Encode an unsigned into its corresponding (reflective) gray code - the
kind of gray code meant when just talking about "gray code". These
functions are very fast and all have identical implementation, so there is
no need to use a smaller type, as long as your CPU can handle it natively.

=item T ecb_gray_encode (T b) [C++]

Overloaded C++ version of the above, for C<uint{8,16,32,64}_t>.

=item uint_fast8_t  ecb_gray_decode8  (uint_fast8_t  b)

=item uint_fast16_t ecb_gray_decode16 (uint_fast16_t b)

=item uint_fast32_t ecb_gray_decode32 (uint_fast32_t b)

=item uint_fast64_t ecb_gray_decode64 (uint_fast64_t b)

Decode a gray code back into linear index form (the reverse of
C<ecb_gray*_encode>. Unlike the encode functions, the decode functions
have higher time complexity for larger types, so it can pay off to use a
smaller type here.

=item T ecb_gray_decode (T b) [C++]

Overloaded C++ version of the above, for C<uint{8,16,32,64}_t>.

=back

=head2 HILBERT CURVES

These functions deal with (square, pseudo) Hilbert curves. The parameter
I<order> indicates the size of the square and is specified in bits, that
means for order C<8>, the coordinates range from C<0>..C<255>, and the
curve index ranges from C<0>..C<65535>.

The 32 bit variants of these functions map a 32 bit index to two 16 bit
coordinates, stored in a 32 bit variable, where the high order bits are
the x-coordinate, and the low order bits are the y-coordinate, thus,
these functions map 32 bit linear index on the curve to a 32 bit packed
coordinate pair, and vice versa.

The 64 bit variants work similarly.

The I<order> can go from C<1> to C<16> for the 32 bit curve, and C<1> to
C<32> for the 64 bit curve.

When going from one order to the next higher order, these functions
replace the curve segments by smaller versions of the generating shape,
while doubling the size (since they use integer coordinates), which is
what you would expect mathematically. This means that the curve will be
mirrored at the diagonal. If your goal is to simply cover more area while
retaining existing point coordinates you should increase or decrease the
I<order> by C<2> or, in the case of C<ecb_hilbert2d_index_to_coord>,
simply specify the maximum I<order> of C<16> or C<32>, respectively, as
these are constant-time.

=over

=item uint32_t ecb_hilbert2d_index_to_coord32 (int order, uint32_t index)

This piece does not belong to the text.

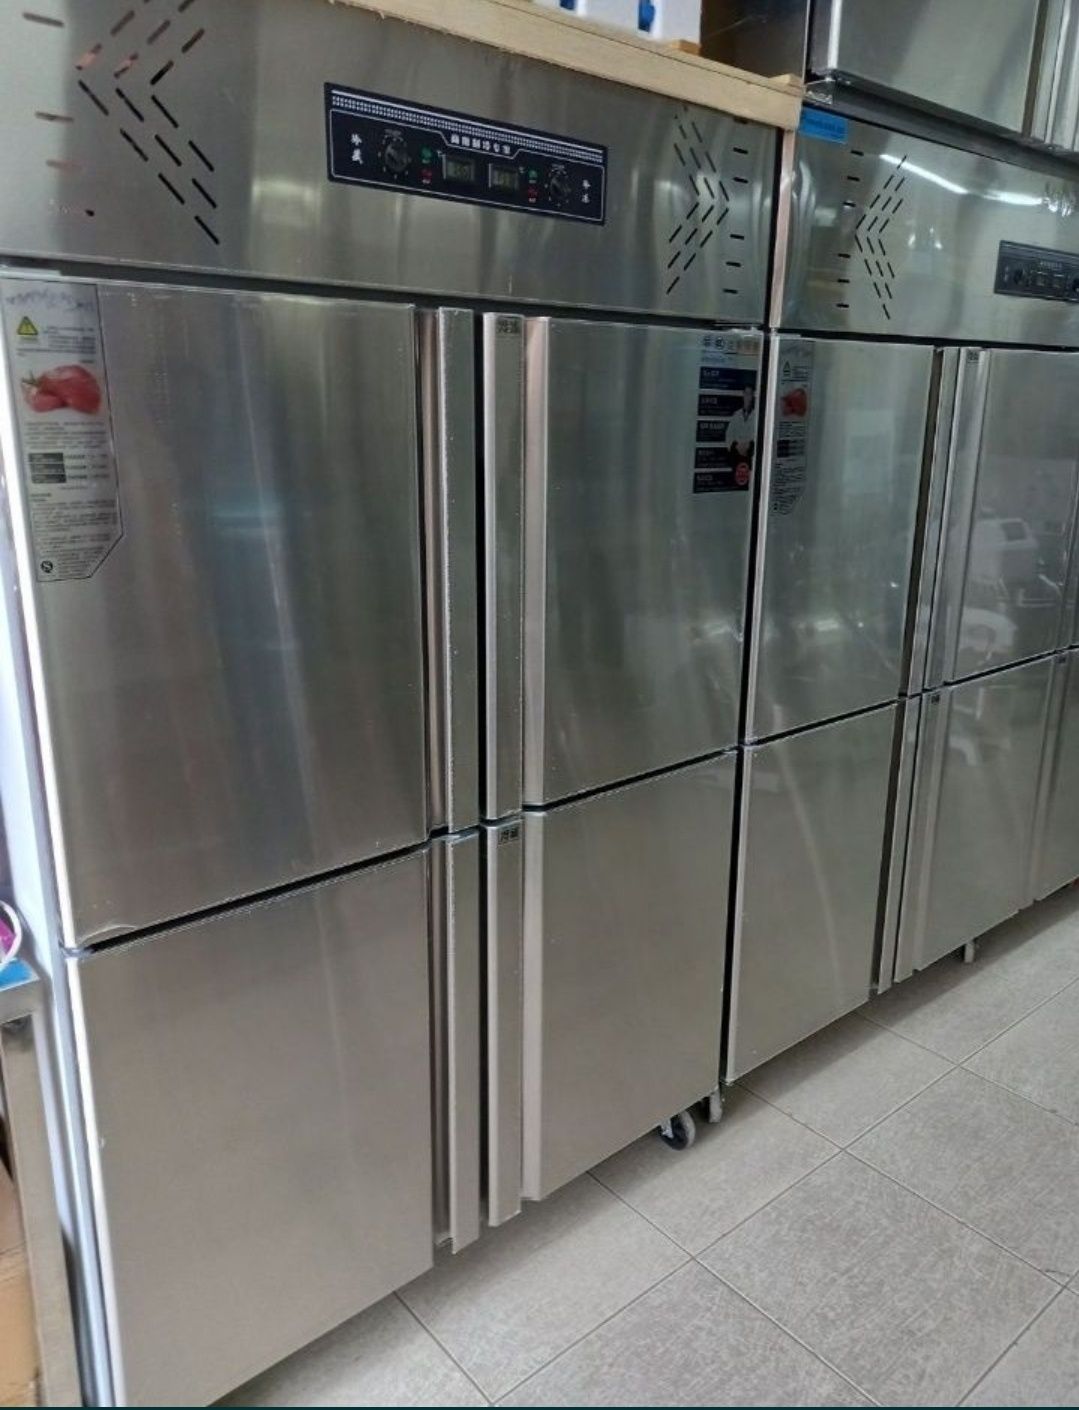 Промышленный холодильник, Xolodilnik, xaladinnik shikaf 1 qul
Muzlatgi

=item uint64_t ecb_hilbert2d_index_to_coord64 (int order, uint64_t index)

Map a point on a pseudo Hilbert curve from its linear distance from the
origin on the curve to a x|y coordinate pair. The result is a packed
coordinate pair, to get the actual x and < coordinates, you could do
something like this:

   uint32_t xy = ecb_hilbert2d_index_to_coord32 (16, 255);
   uint16_t x = xy >> 16;
   uint16_t y = xy & 0xffffU;

   uint64_t xy = ecb_hilbert2d_index_to_coord64 (32, 255);
   uint32_t x = xy >> 32;
   uint32_t y = xy & 0xffffffffU;

These functions work in constant time, so for many applications it is
preferable to simply hard-code the order to the maximum (C<16> or C<32>).

This (production-ready, i.e. never run) example generates an SVG image of
an order 8 pseudo Hilbert curve:

   printf ("<svg xmlns='http://www.w3.org/2000/svg' width='%d' height='%d'>\n", 64 * 8, 64 * 8);
   printf ("<g transform='translate(4) scale(8)' stroke-width='0.25' stroke='black'>\n");
   for (uint32_t i = 0; i < 64*64 - 1; ++i)
     {
       uint32_t p1 = ecb_hilbert2d_index_to_coord32 (6, i    );
       uint32_t p2 = ecb_hilbert2d_index_to_coord32 (6, i + 1);
       printf ("<line x1='%d' y1='%d' x2='%d' y2='%d'/>\n",
         p1 >> 16, p1 & 0xffff,
         p2 >> 16, p2 & 0xffff);
     }
   printf ("</g>\n");
   printf ("</svg>\n");

=item uint32_t ecb_hilbert2d_coord_to_index32 (int order, uint32_t xy)

=item uint64_t ecb_hilbert2d_coord_to_index64 (int order, uint64_t xy)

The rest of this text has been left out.